Plan sponsors want better retirement savings outcomes for their employees and are looking to advisors for solutions. The disconnect between what participants need to save and what they’re actually setting aside has employers seeking more hands-on support from their retirement plan advisors.
A recent BenefitsPro article cited Fidelity’s 2025 plan sponsor attitudes survey, which reveals a shift in how employers view advisor value. They want a combination of service and cost efficiency, with clear priorities: improving participant outcomes, boosting employee satisfaction, and optimizing plan design to meet evolving company needs.
The Fidelity data reveals that about three-quarters of plan sponsors who believe their participants are saving enough for retirement report high satisfaction with their advisors. But only 58% of sponsors who worry about inadequate savings feel the same way about their advisor relationships. Even more concerning, fewer plan sponsors this year believe their participants are saving enough compared to four years ago.
Employees face mounting obstacles to retirement savings. Living expenses, healthcare costs, education loans, financial illiteracy, and general market distrust all work against meaningful retirement savings accumulation. These barriers leave plan sponsors looking for advisor expertise to bridge the gap between current savings behaviors and retirement readiness.
Plan sponsors want specific resources from their advisors. Financial planning content, wellness education, and retirement income guidance top their wish lists. About one-third are particularly interested in targeted education meetings for newer employees who may need extra support navigating their benefits.
Financial wellness programs show promise but reveal implementation gaps. While 93% of plan sponsors have implemented wellness programs, only half of employees actually enroll. Many of these programs launched within the past year, suggesting sponsors are actively seeking solutions but struggling with employee engagement.
The complexity of retirement plan management adds another layer of frustration. About half of plan sponsors say the pace of change in retirement plans feels exhausting. Advisors can provide value by helping sponsors understand and adjust plan designs for changing participant needs. With Secure 2.0 compliance requirements approaching, sponsors are shifting focus from plan enhancements to regulatory compliance.

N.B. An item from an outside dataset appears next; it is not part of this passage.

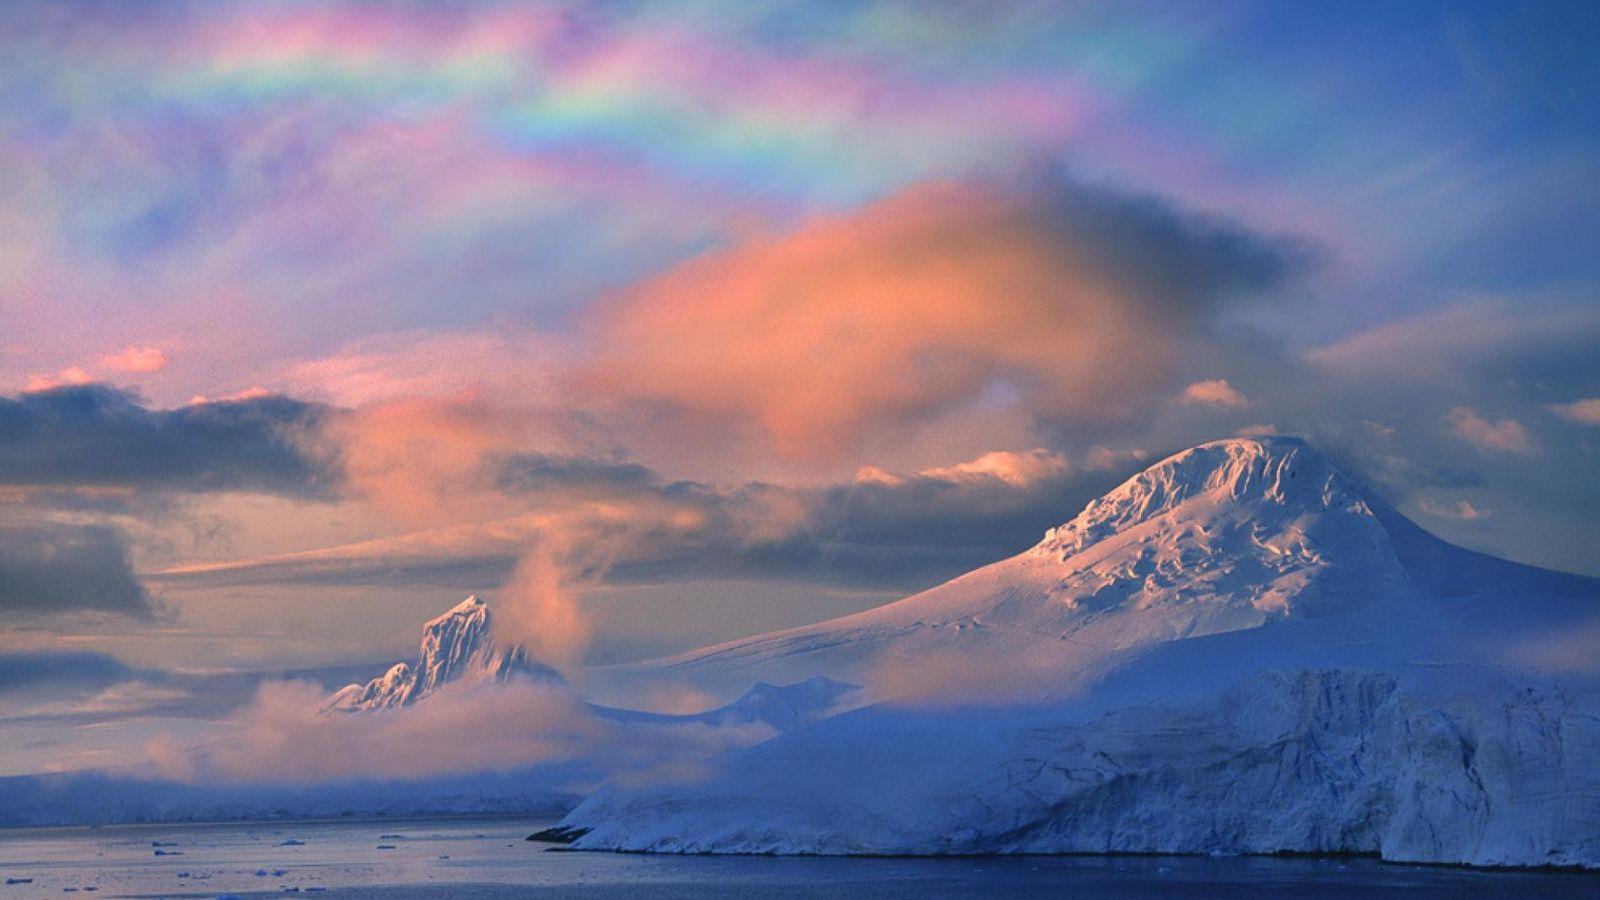 Des nuages stratosphériques polaires en Arctique aggravent le phénomène de diminution de la couche d'ozone au-dessus ...

New product options create additional decision fatigue. Retirement income products, health savings accounts, managed accounts, collective investment trusts, updated target date funds, and pooled employer plans all require evaluation. Advisors who provide expertise and insights can help sponsors develop tailored retirement benefits that actually meet employee needs.
“We’re seeing plan sponsors seek more engagement from their advisors to impact participant saving and engagement, especially through financial planning and wellness programs,” said Christopher Alpaugh, head of Defined Contributions Investment Only Sales Group at Fidelity Investments, who was quoted in BenefitsPro.
More than one-third of plan sponsors said they plan to conduct advisor searches. When evaluating potential advisors, they prioritize 401(k) plan knowledge, fiduciary responsibility, and fees. In short, sponsors want advisors who combine technical expertise with genuine accountability for participant outcomes.
For advisors, Fidelity’s research highlights the growing demand for comprehensive retirement plan support that goes well beyond investment monitoring and compliance basics. Plan sponsors are ready to pay for meaningful guidance, and now is the time for advisors to step up with solutions that actually move the needle on participant outcomes.